Please transcribe only the lines from the one holding "6849e484a3e64 Óculos de" through the final line of the data, both included, with no pictures.

◆ Data shown:
•••

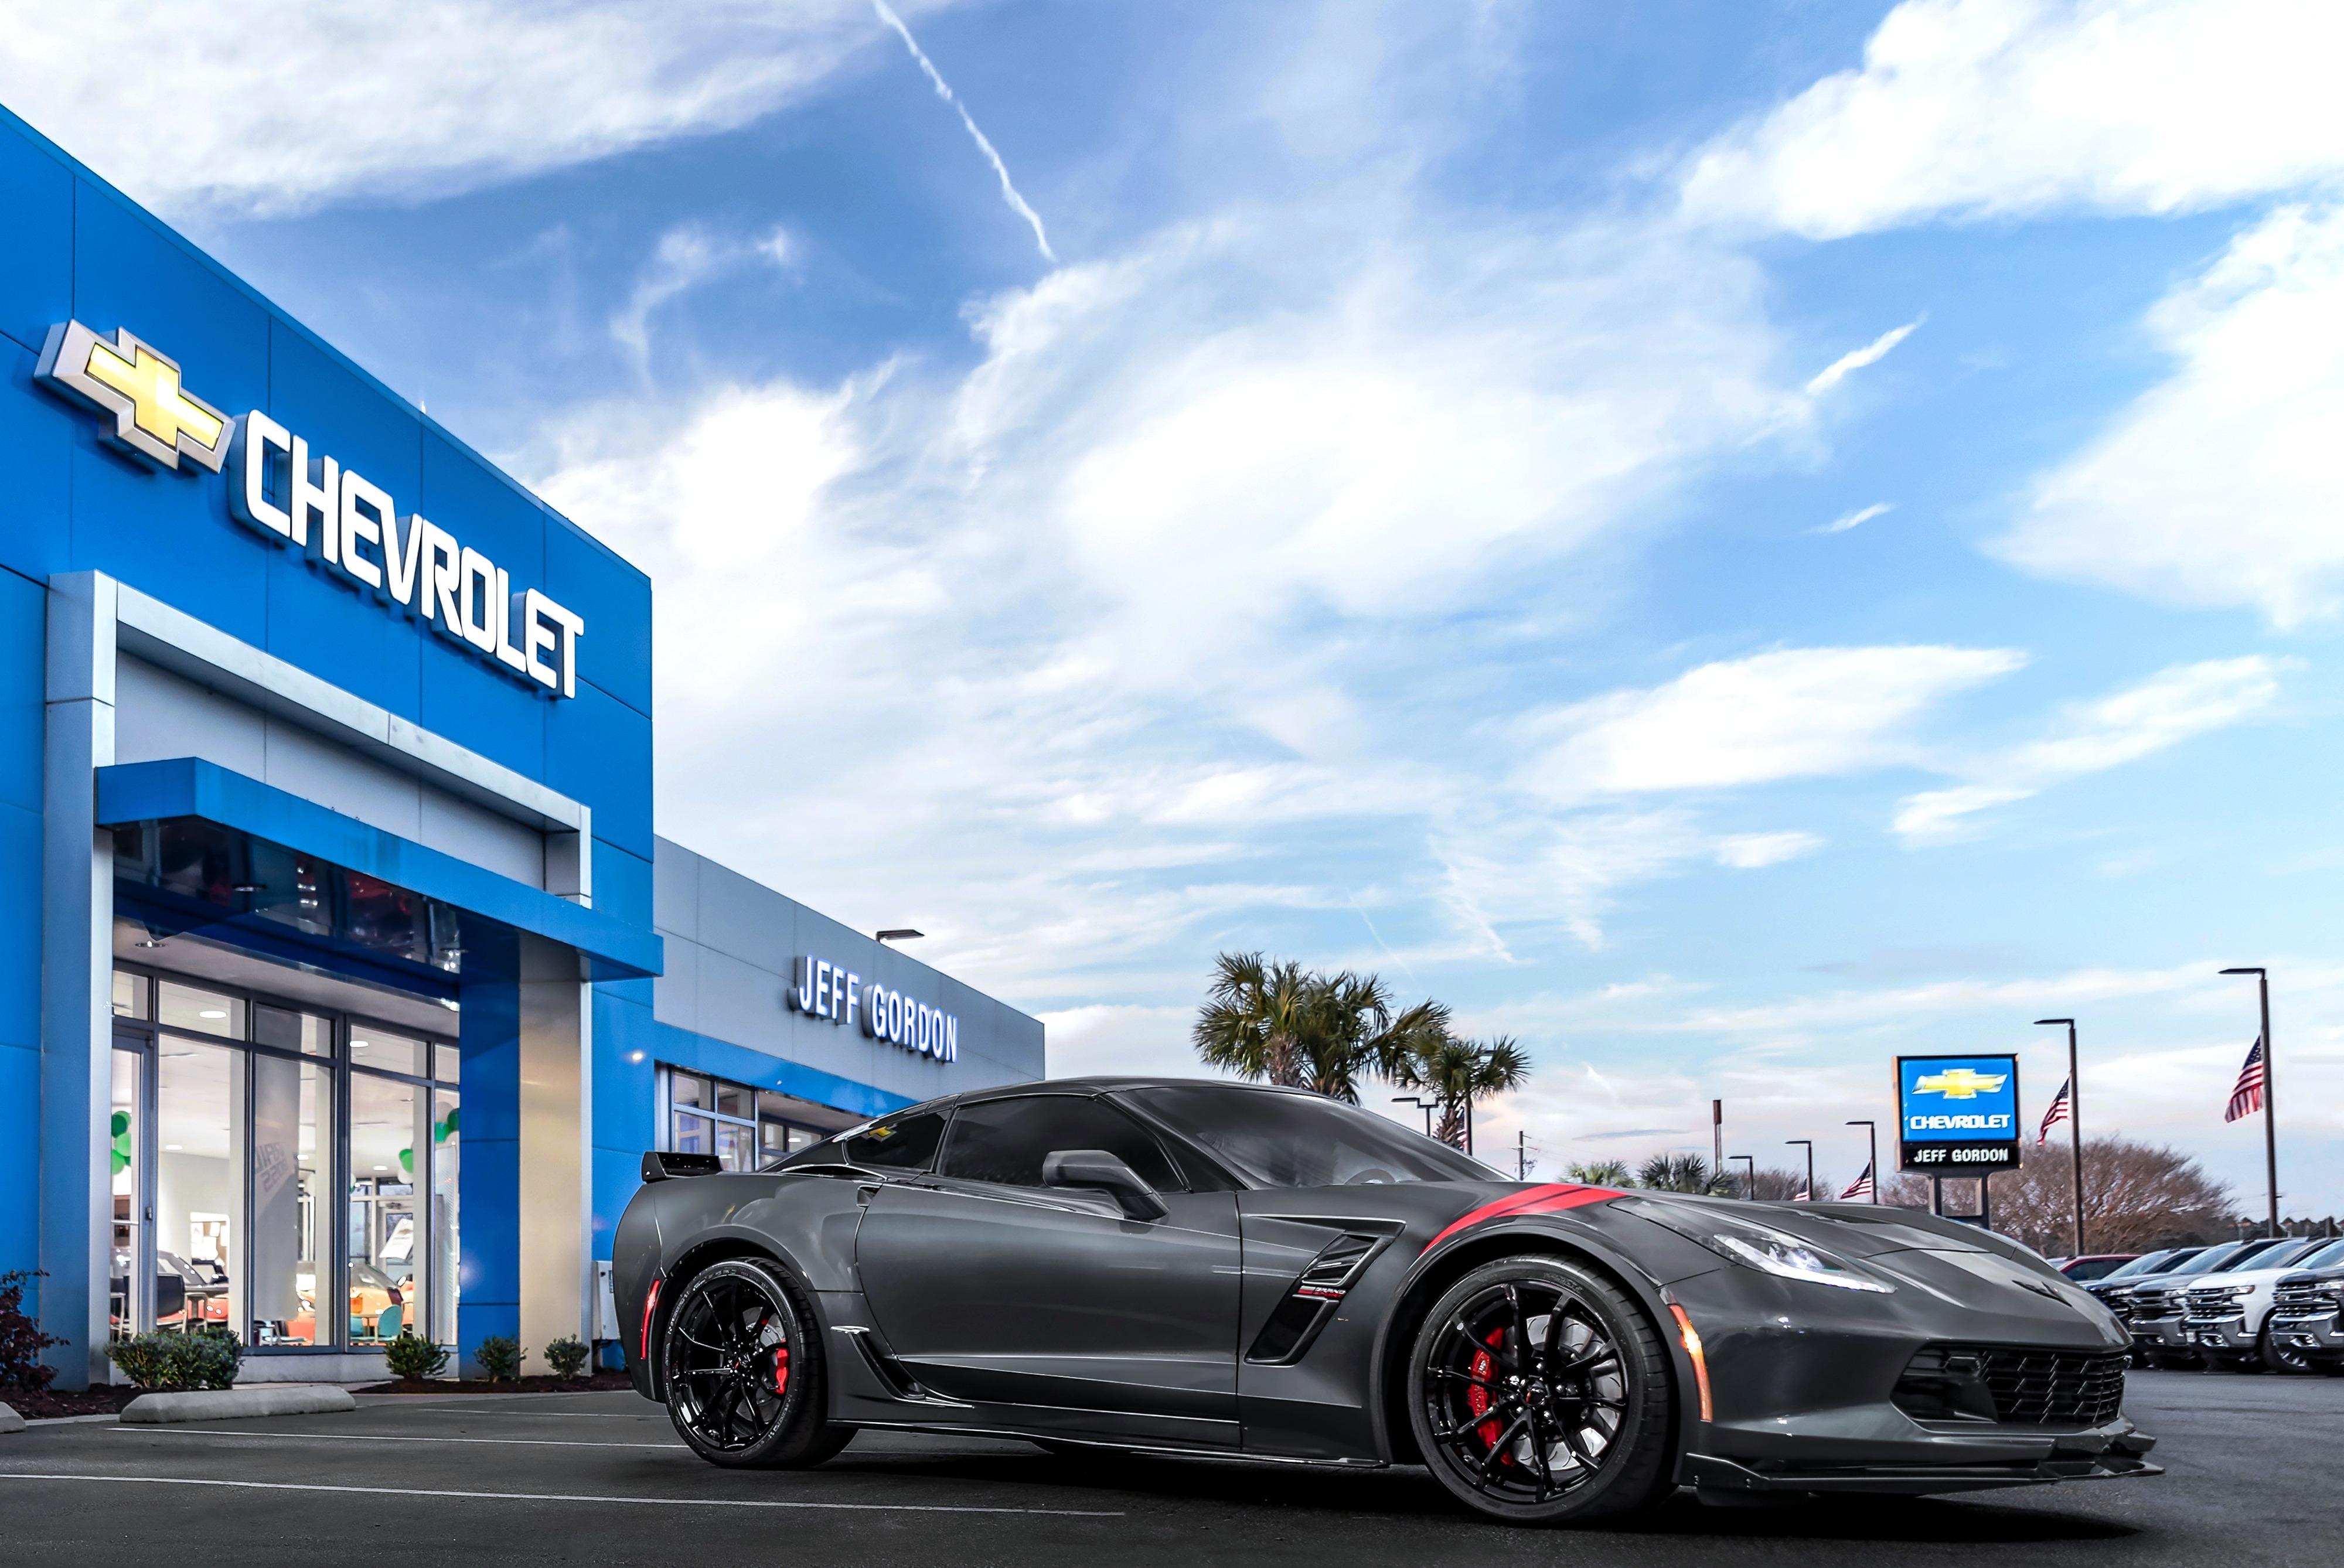 You could win Jeff Gordon's personal Corvette | Hendrick
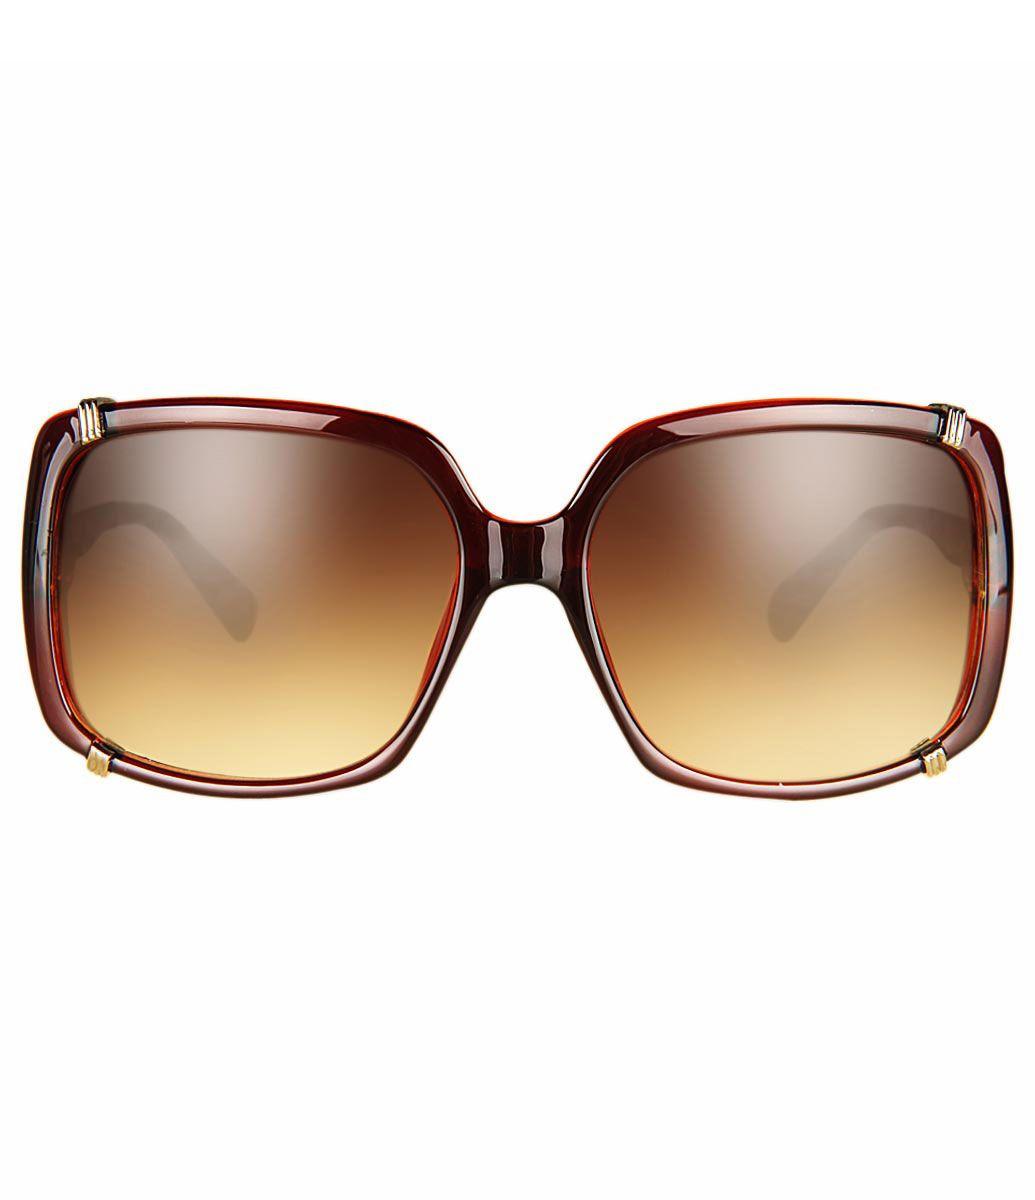 6849e484a3e64 Óculos de sol feminino Modelo quadrado Hastes em acetato Lentes em acrílico  Proteção contra raios UVA
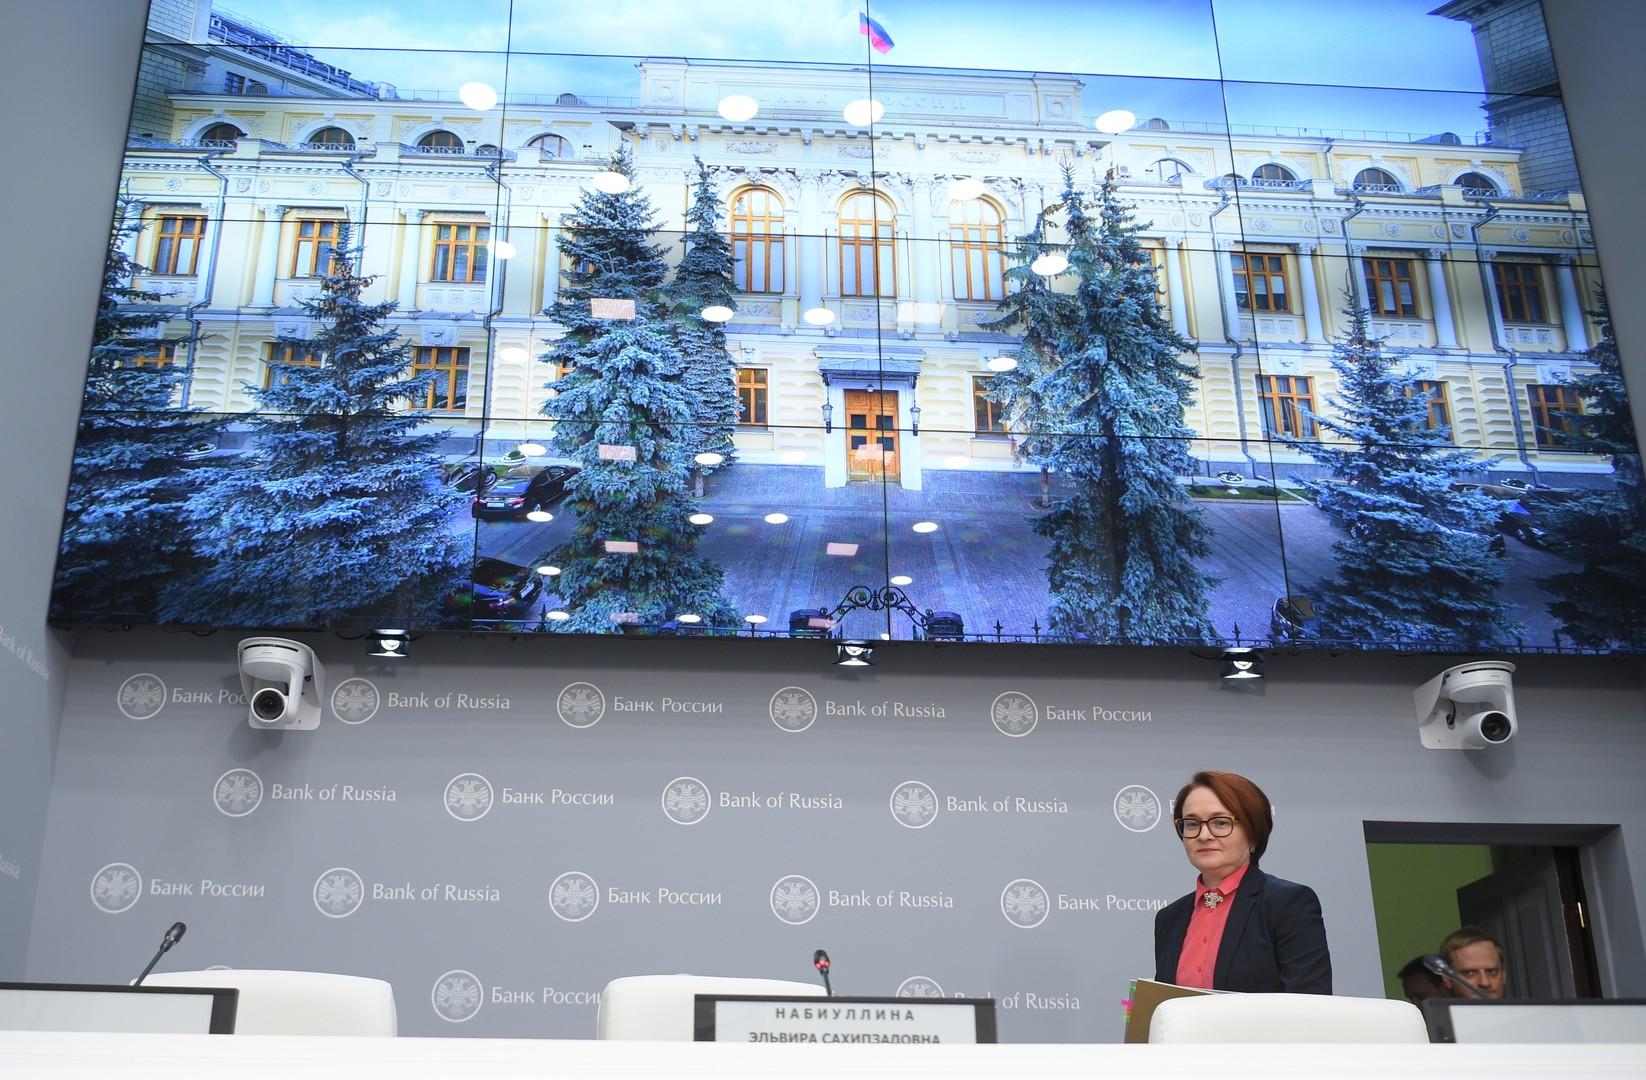 المركزي الروسي يبقي سعر الفائدة الرئيسي عند مستوى 7.75% style=

•••

◆ Response to the exercise:
 6849e484a3e64 Óculos de sol feminino Modelo quadrado Hastes em acetato Lentes em acrílico  Proteção contra raios UVA
 المركزي الروسي يبقي سعر الفائدة الرئيسي عند مستوى 7.75% style=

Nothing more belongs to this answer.